Further, in the text data correction unit 9, a correction allowable range determination unit 9B that determines a range in which correction is allowed can be provided based on the identification information accompanying the correction result registration request. The text data may be corrected by accepting only the correction result registration request within the range determined by the correction allowable range determination unit 9B. Specifically, the reliability of the user who sent the correction result registration request is judged as the identification information power. Then, by changing the weight for accepting corrections according to the reliability, the range in which corrections are allowed can be changed according to the new information. In this way, correction by the user can be used as effectively as possible.

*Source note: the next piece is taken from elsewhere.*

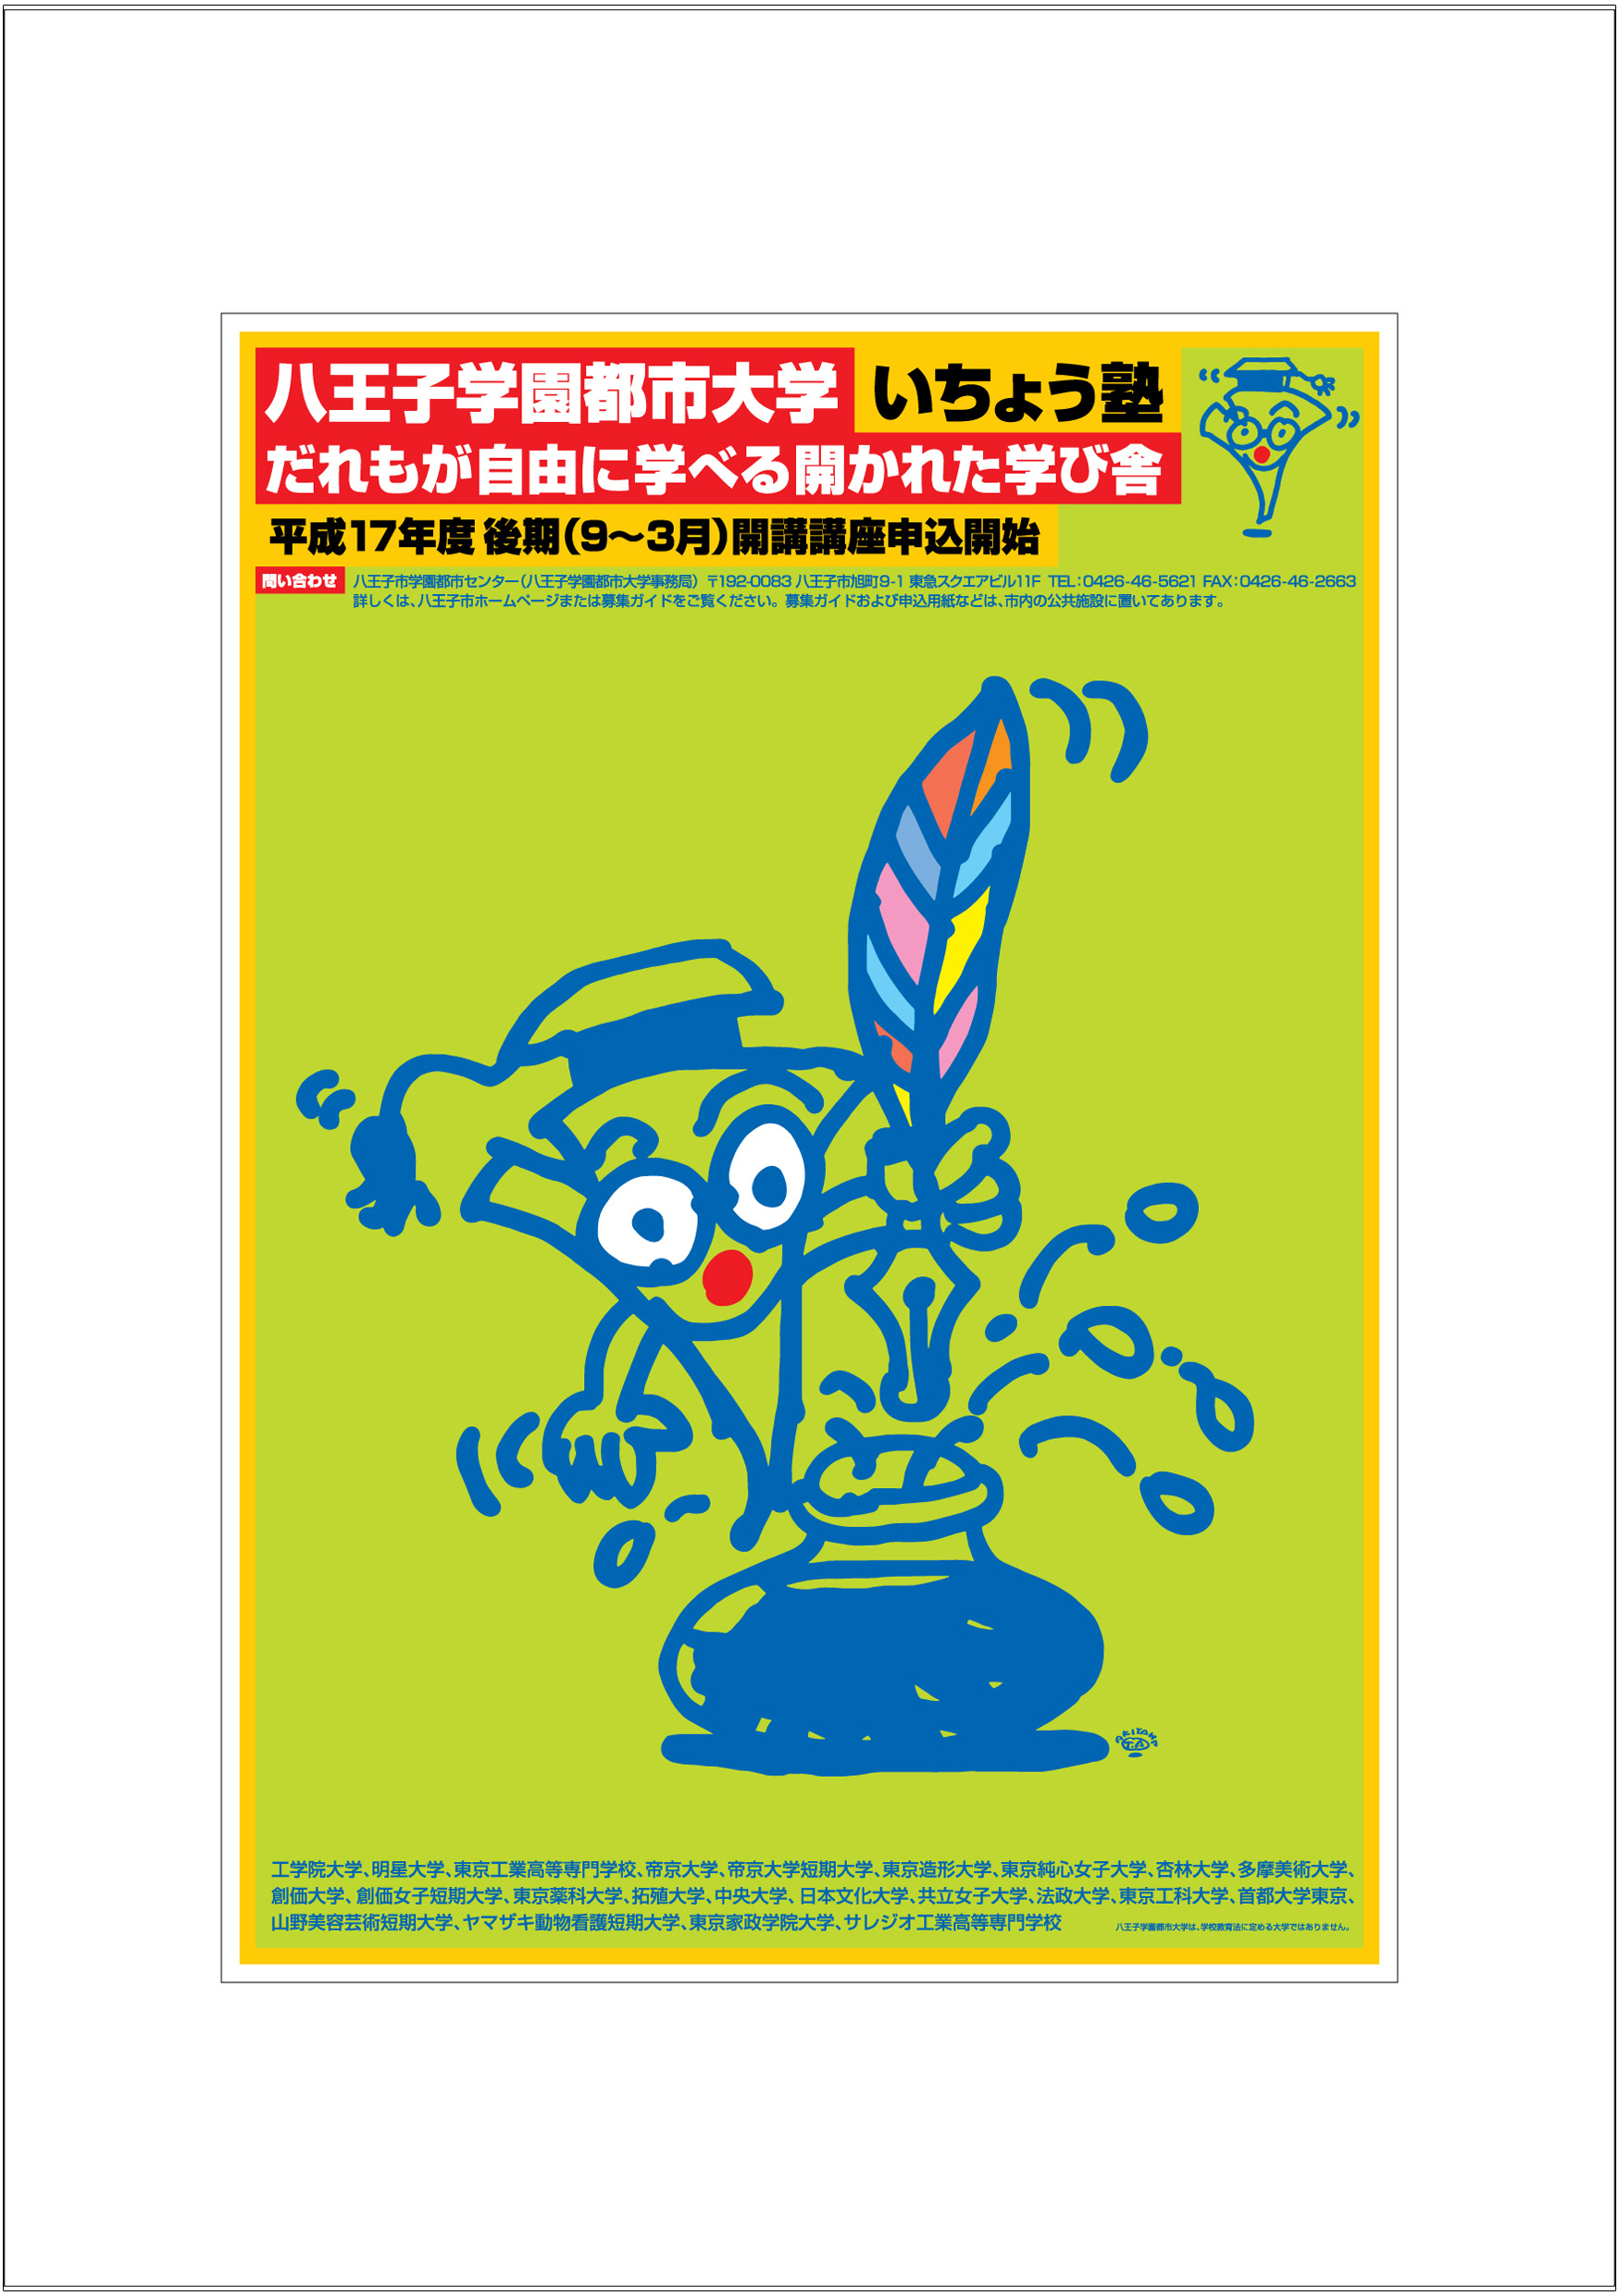 ポスターアーティスト秋山孝が2005年に制作したアートカード「アートカード ポスター 2005 07」

[0104] In the above embodiment, the text data storage unit 7 summarizes the ranking of text data that has been corrected frequently by the text data correction unit 9 in order to increase the user's interest in correction. Then, a ranking totaling unit 7A that transmits the result to the user terminal in response to a request from the user terminal may be further provided.

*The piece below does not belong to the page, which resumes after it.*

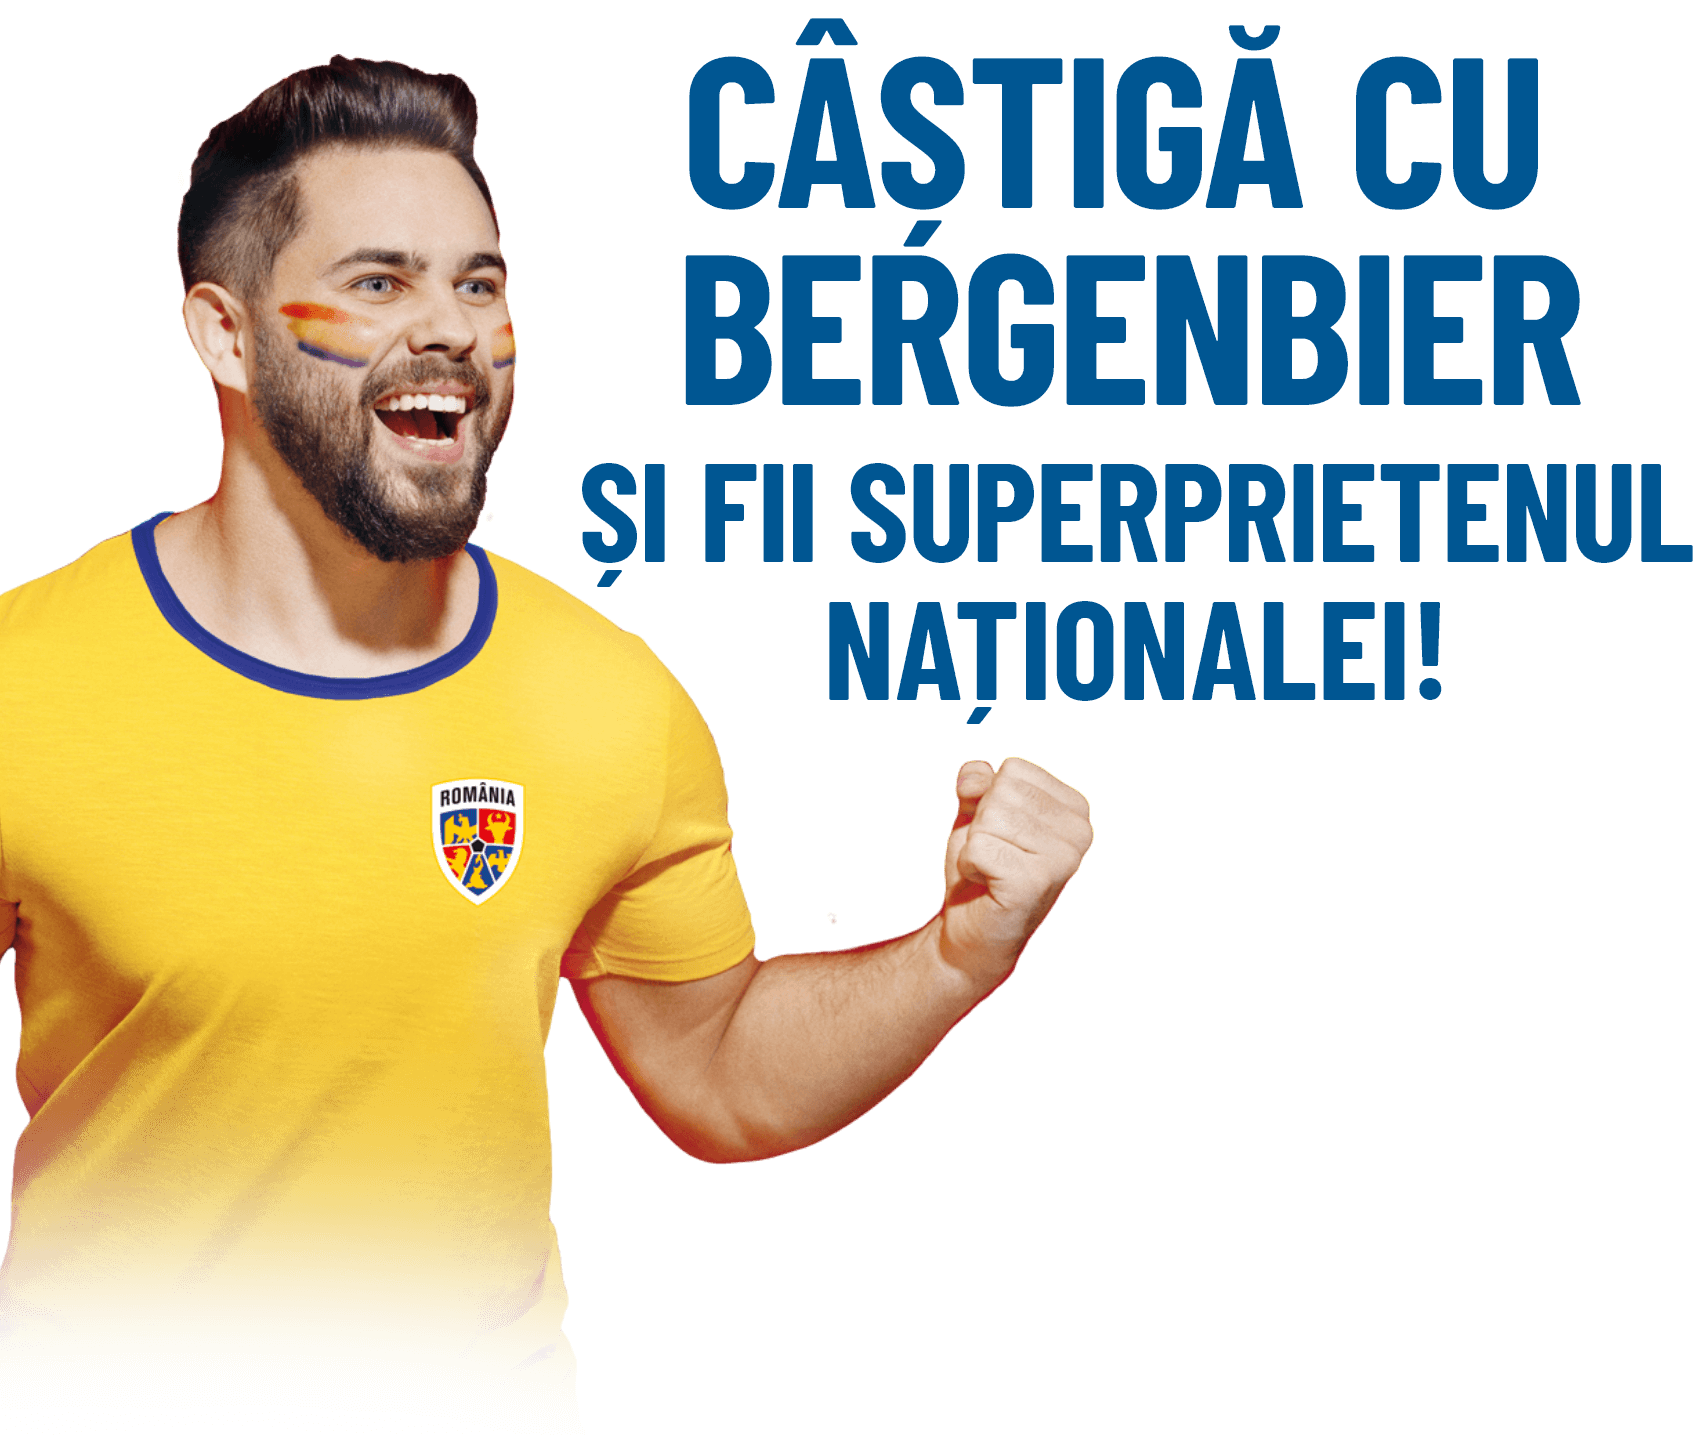 Câștigă cu bergenbier și fii superprietenul naționalei!

[0105] As an acoustic model used for acoustic recognition, a triphone model learned from a general speech path such as a Japanese spoken language path (CSJ) can be used. For podcasts, there are cases where music and noise are included in the background just by recording audio. In order to cope with such a situation where speech recognition is difficult, ETSI AdvancedFront — End [ET¾IES202050vl. 1. IS fQ distributedspeechrecognition advan cedfront— endieatureextractiona gonthm; Performance can be improved by performing acoustic analysis of recognition pre-processing. [0106] In the above embodiment, the language model includes CSRC Software 2003 edition [Kawahara, Takeda, Ito, Lee, Kano, Yamada: Activity report of the continuous speech recognition consortium and the outline of the final software. We used a bigram of 60,000 words learned from the newspaper article texts up to Nakao, et al., 1991, et al. However, in the case of podcasts, it is difficult to recognize such speech due to the difference from learning data that contains many recent topics and vocabulary. Therefore, we improved the performance by using the text of news sites on the web that are updated daily to learn language models. Specifically, Google News and Yahoo! Texts of articles published in the news were collected daily and used for learning.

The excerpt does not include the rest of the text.